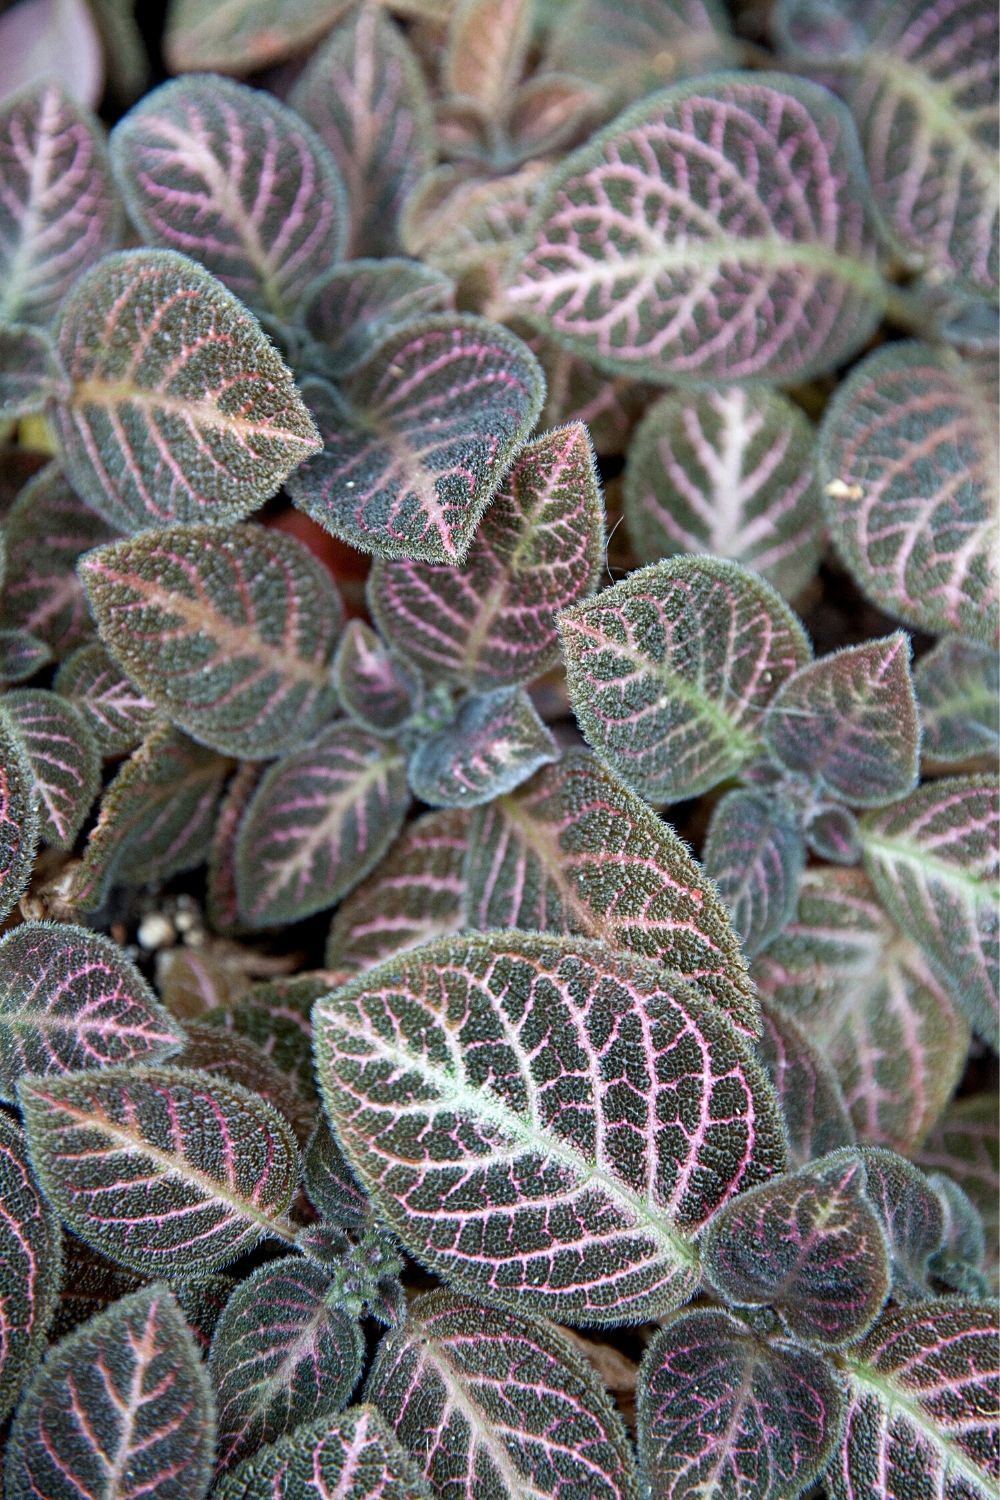 Flame violet is another attractive plant you can grow in a terrarium
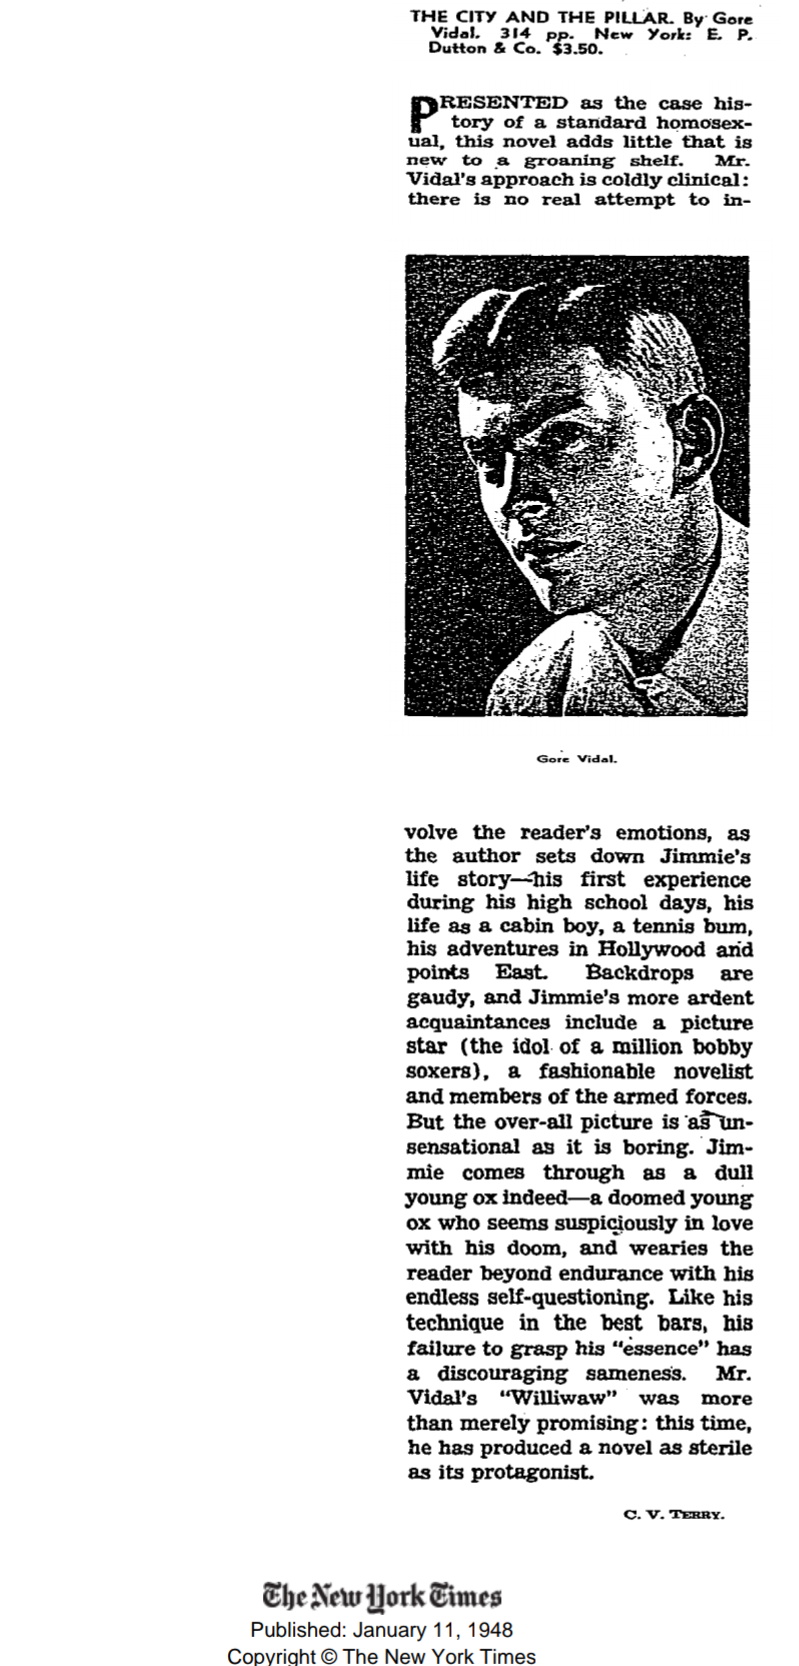 The City and the Pillar, 1948, New York Times Review
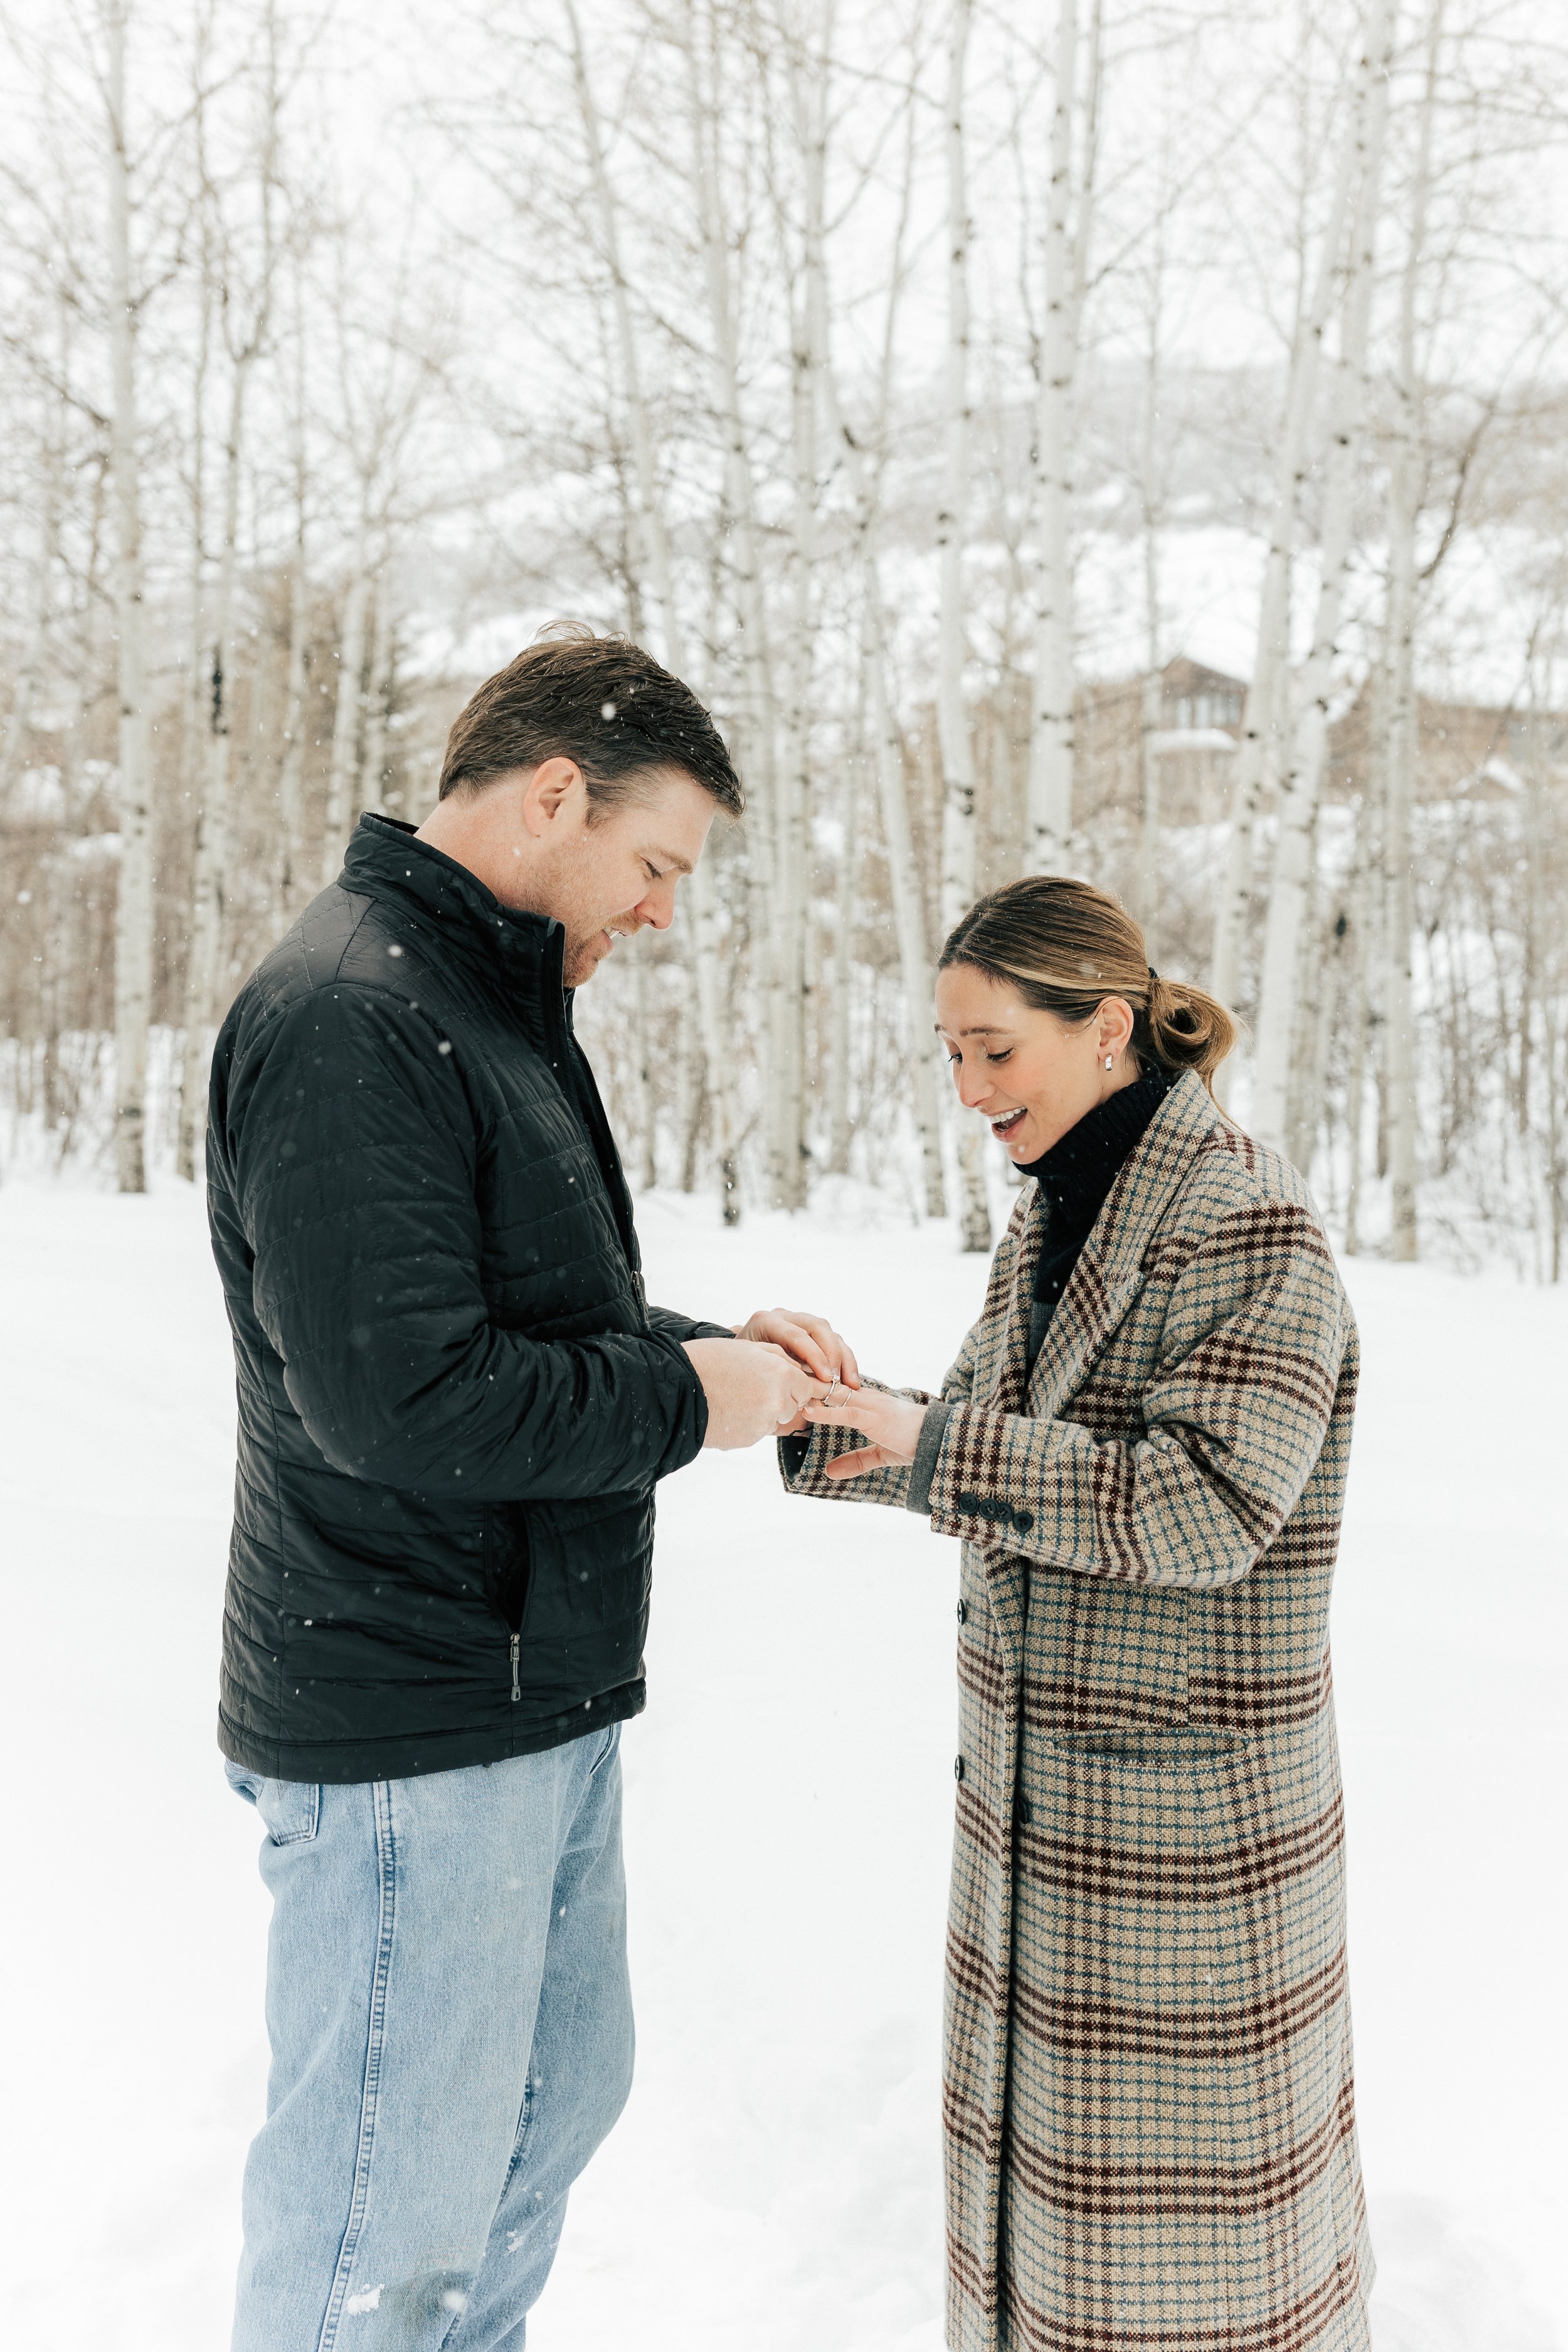  Newly engaged man puts engagement ring on fiancé’s finger. Winter engagement session in Park City, Utah. Boyfriend surprises girlfriend with wedding proposal during a snowy photoshoot. Man proposes to girlfriend. #parkcity #engagements #engagementse
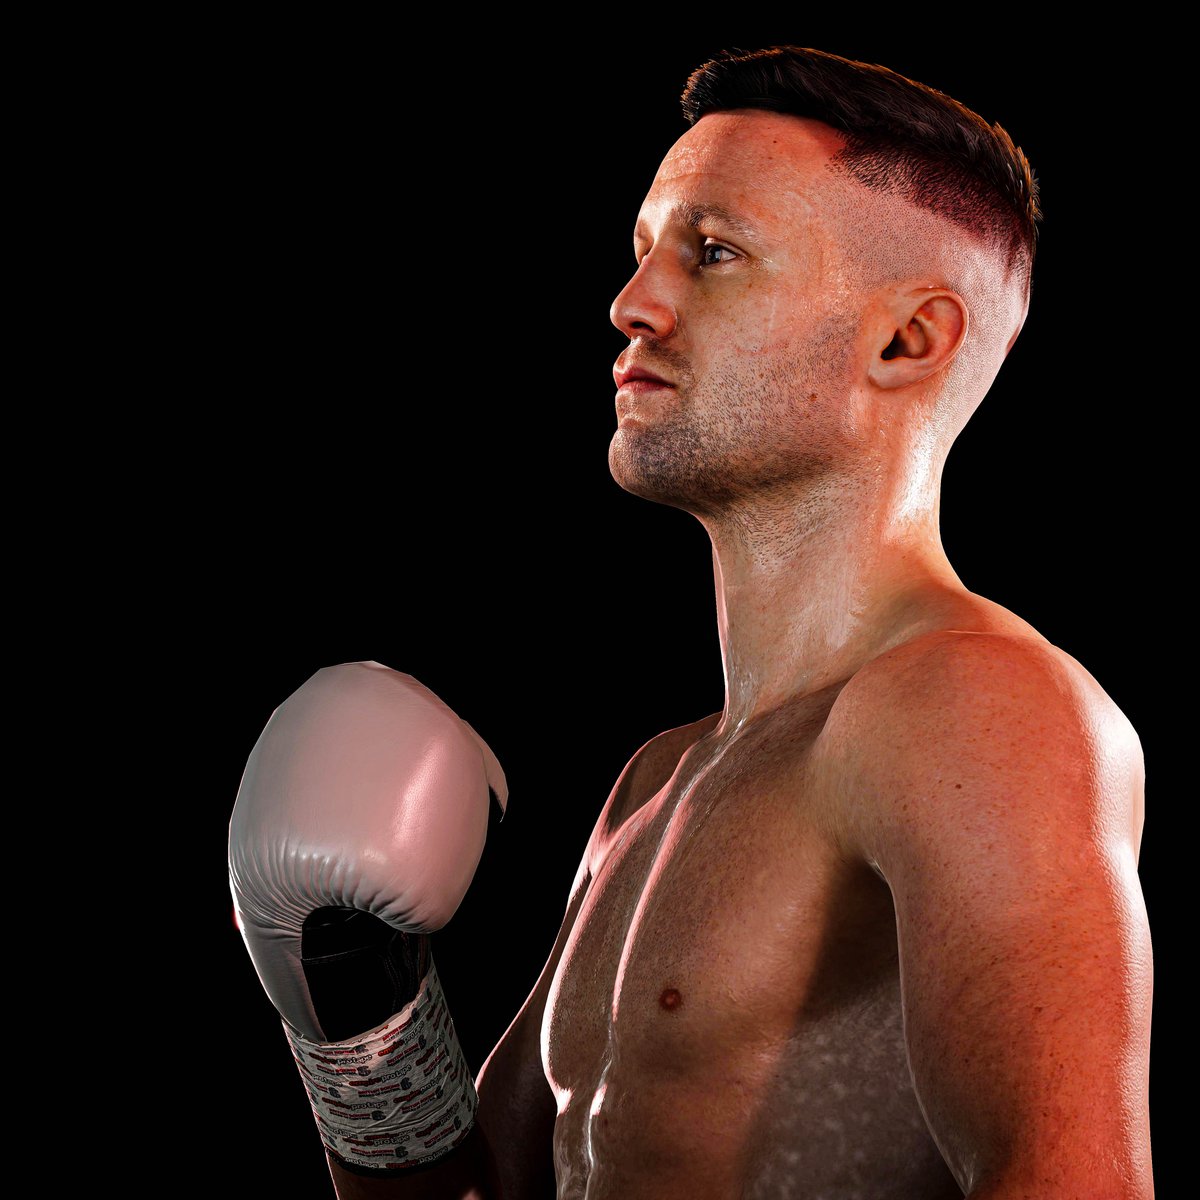 'The Tartan Tornado' @JoshTaylorBoxer, currently ranked as the world's best super-lightweight by @BoxRec, will be available on day 1 of early access in Undisputed! #BecomeUndisputed 🥊

Task statement: Before you return the listing, strip out its pictures; all else must match exactly.

Output for this task:
 Flame violet is another attractive plant you can grow in a terrarium
 The City and the Pillar, 1948, New York Times Review
  Newly engaged man puts engagement ring on fiancé’s finger. Winter engagement session in Park City, Utah. Boyfriend surprises girlfriend with wedding proposal during a snowy photoshoot. Man proposes to girlfriend. #parkcity #engagements #engagementse
 'The Tartan Tornado' @JoshTaylorBoxer, currently ranked as the world's best super-lightweight by @BoxRec, will be available on day 1 of early access in Undisputed! #BecomeUndisputed 🥊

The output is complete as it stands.